Teddington Kitchen Extension

A1 Lofts and Extensions

Every artist, whether it is an oil painter or a wallpaper designer, starts from scratch. Before they rush off and start grabbing materials off the shelves left and right, they first plan out their designs on paper. Hint: do the same!

Begin with a small sketch of how you envision your space. Jot down the colours, patterns, shapes, and everything else you want to add. Measure your relevant project area, whether it’s the corner of your living room that needs some spicing up or your entire guest bedroom – measure it! 

You are more likely to be successful at your interior design project if you have all the data (that would be the measurements, colour charts, visuals, etc.) first.

Simple is stylish

Simplicity is a reflection of elegance. One of the secrets of interior design / decorating is the power to convey emotions through simple elements. Most often, the only thing that is needed to emphasise the beauty of a decorative object is a well-positioned light, instead of an entire table surface cluttered with decor. 

This is exactly why the minimalist style is so successful – it values every single detail, including open spaces, and focuses on the absence of embellishments. 

Just see our example of a simple living room above by Porto Architects. Light colours, the minimum amount of decor, simple lines, soft patterns… yet it all combines in one ultra stylish space. 

Remember: less is more.

Create balance

For a seamless visual flow in a home, a balanced environment is crucial. This includes not just colour, but also elements. Think of the yin and yang: two perfect balances that, although different, complement each other. 

See our Gaia Design example above: white and black balance each other perfectly (white and black are safe colours to work with, as they are the most neutral tones in existence).  Now, notice the frames against the wall – they are situated slightly towards the right, not really in line with the two chairs in the front. However, to keep this space from “tipping over”, a lamp was added to the left side, filling the void left by the frames. 

This is an ideal example of how the placing of elements can create harmonious composition. Take a look at an existing space in your home (such as your dining room) – is there balance? If not, how would you add it?

Have to have harmony

For decor to truly work, it needs to exude harmony. A harmonious space grabs our attention; it wins our eyes and our hearts. And for this to take effect, the colour palette needs to work. 

So, before rushing out to the nearest furniture store, choose your colour palette first. Will it be warms (reds, oranges, yellows, pinks), colds (blues, greens) or neutrals (browns, greys)? 

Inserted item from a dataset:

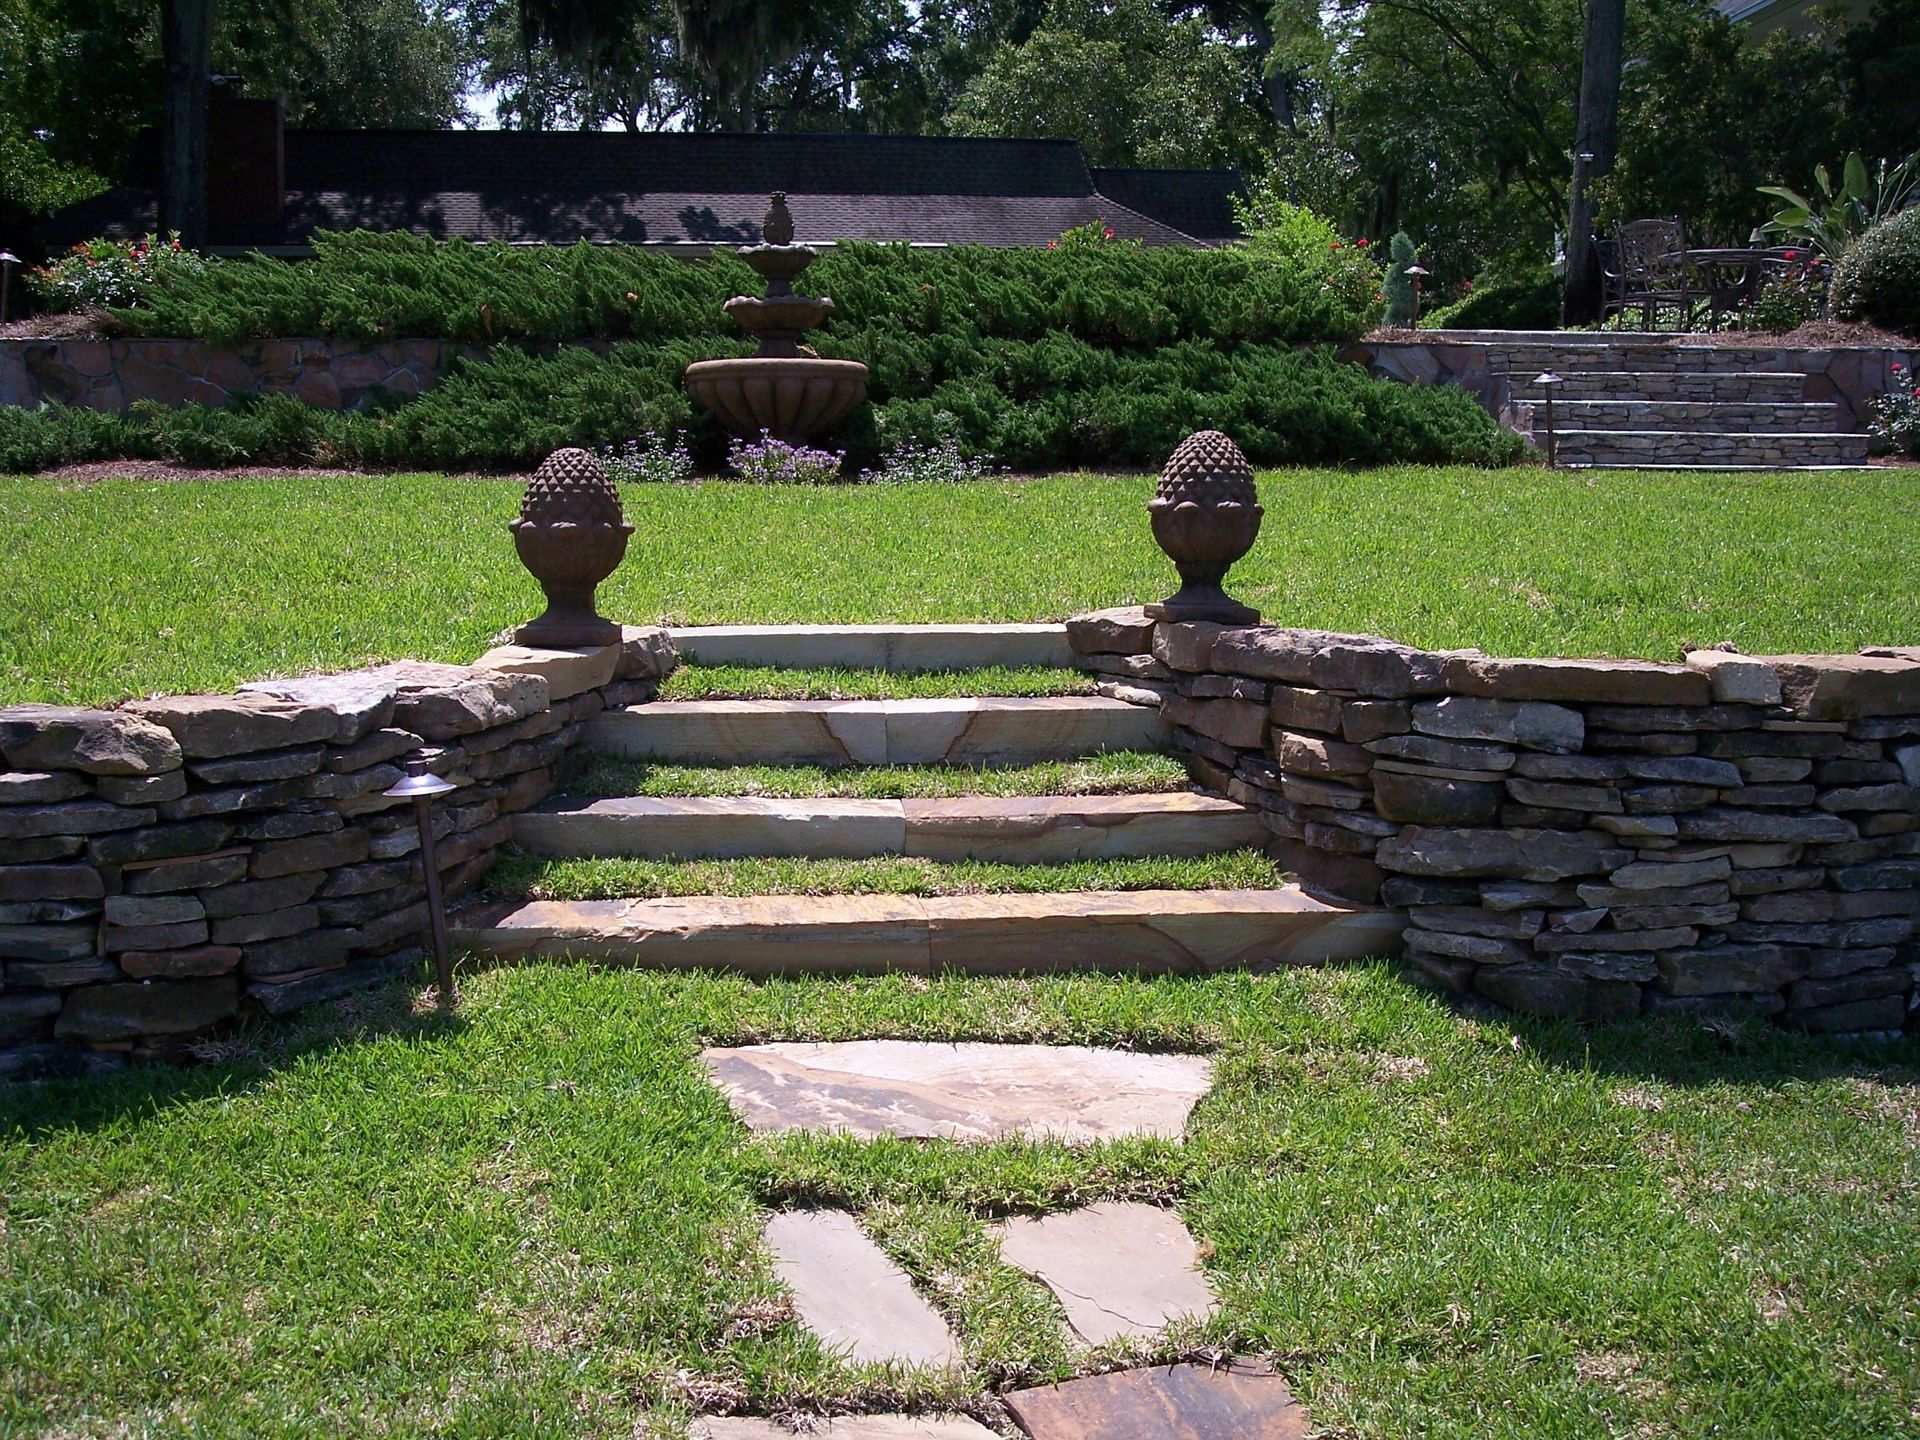 flagstone patio, flagstone steps, stone wall, stone retaining wall, stone baluster, hardscape, paver, stone pavers, stone, decorative stone, patio, paver patio, stone paver patio, walkway, paver walkway, stone walkway, walkway stones, stone paver walkway, garden stones, walkway stones, garden walkway, paver landscaping, stone steps, paver steps, pool deck, paver pool deck, paver pool decking, pool coping, natural stone, stone, stacked stone, veneer, stone veneer, flagstone, bluestone, thermal bluestone, spa design, pool deck design, outdoor kitchen, summer kitchen, fire pit, firepit, sitting wall, pergola, hand-made pergola, seating area, outdoor living, outdoor entertaining, paver contractor, paver design, paver install, paver installation, paver expert, paver experts, warranty, labor warranty, expert installation, expert install, licensed and insured, licensed, insured, licensed insured, award winning designs, Angie's List Super Service Award, Angie's List Award, customer reviews, excellent reputation, reputation, fireplace, fireplace renovation, stone fireplace, fireplace veneer, fireplace reconstruction, before and after pictures, years experience, experienced, Jacksonville, Ponte Vedra, Nocatee, Fleming Island, Queens Harbor, St. Johns, Fruit Cove, St. Augustine, Jacksonville pavers, paver driveway Jacksonville, Jacksonville paver driveway, Jacksonville driveway, paver patio Jacksonville, patio Jacksonville, Jacksonville paver patio, Jacksonville patio, Ponte Vedra pavers, paver driveway Ponte Vedra, driveway Ponte Vedra, Ponte Vedra paver driveway, Ponte Vedra driveway, paver patio Ponte Vedra, patio Ponte Vedra, Ponte Vedra paver patio, Ponte Vedra patio, Nocatee pavers, driveway Nocatee, paver driveway Nocatee, Nocatee driveway, Nocatee paver driveway, paver patio Nocatee, patio Nocatee, Nocatee paver patio, Nocatee patio, Sawgrass pavers, Sawgrass paver driveway, Sawgrass driveway, driveway Sawgrass, paver driveway Sawgrass, paver patio Sawgrass, patio Sawgrass, Sawgrass patio, Sawgrass paver patio, Fleming Island pavers, Fleming Island paver driveway, paver driveway Fleming Island, Fleming Island driveway, driveway Fleming Island, paver patio Fleming Island, Fleming Island paver patio, patio Fleming Island, Fleming Island patio, Queens Harbor pavers, paver driveway Queens Harbor, Queens Harbor paver driveway, Queens Harbor driveway, driveway Queens Harbor, paver patio Queens Harbor, Queens Harbor paver patio, patio Queens Harbor, Queens Harbor patio, St. Johns pavers, St. Johns paver driveway, paver driveway St. Johns, St. Johns driveway, driveway St. Johns, St. Johns paver patio, paver patio St. Johns, patio St. Johns, St. Johns patio, Fruit Cove pavers, paver driveway Fruit Cove, Fruit Cove paver driveway, driveway Fruit Cove, Fruit Cove driveway, Fruit Cove paver patio, paver patio Fruit Cove, patio Fruit Cove, Fruit Cove patio, St. Augustine pavers, paver driveway St. Augustine, St. Augustine paver driveway, driveway St. Augustine, St. Augustine driveway, St. Augustine patio, patio St Augustine, St. Augustine paver patio, paver patio St. Augustine, Mandarin pavers, Mandarin paver driveway, paver driveway Mandarin, driveway Mandarin, Mandarin driveway, paver patio Mandarin, Mandarin paver patio, patio Mandarin, Mandarin patio

We recommend sticking with two to six colours (depending on your level of experience). Use two main tones to set your environment, and leave the others for the details (decor). And don’t forget to take your colour charts with you when you go shopping to ensure that what you buy is exactly what you want. 

A colour is not just a colour. See: How colours influence your bedroom.

Be practical

Your space should not only be beautiful, it should also be practical. After all, everything in a home is supposed to make our lives easier – that includes the decor. The only function of a scatter cushion, for example, is not just to beautify your couch. It can also be used for extra comfort, such as when you’re lounging with a good book or watching television. 

Think of a clever way in which your decor (or furniture) can have a practical function. For example, this modern wall art/sculpture in the bedroom above by Ameneirosrey pulls double duty as a clothes hanger. Practical, unique, modern, and also beautiful. Success!

Include a trend

The best ways to avoid mistakes while you’re learning is to follow an example. And, as you know, homify has some of the best examples of designed spaces, both interior and exterior. 

From bathrooms and kitchens to patios and wine cellars, our categories include just about every place in both your real house and your dream home. Choose a style that you admire (Scandinavian, modern, rustic, etc.), and see how that particular style (and the relevant designers / architects) made use of colours, patterns, and elements. And then try and copy that particular trend in your own home.

Good luck, and remember to have fun!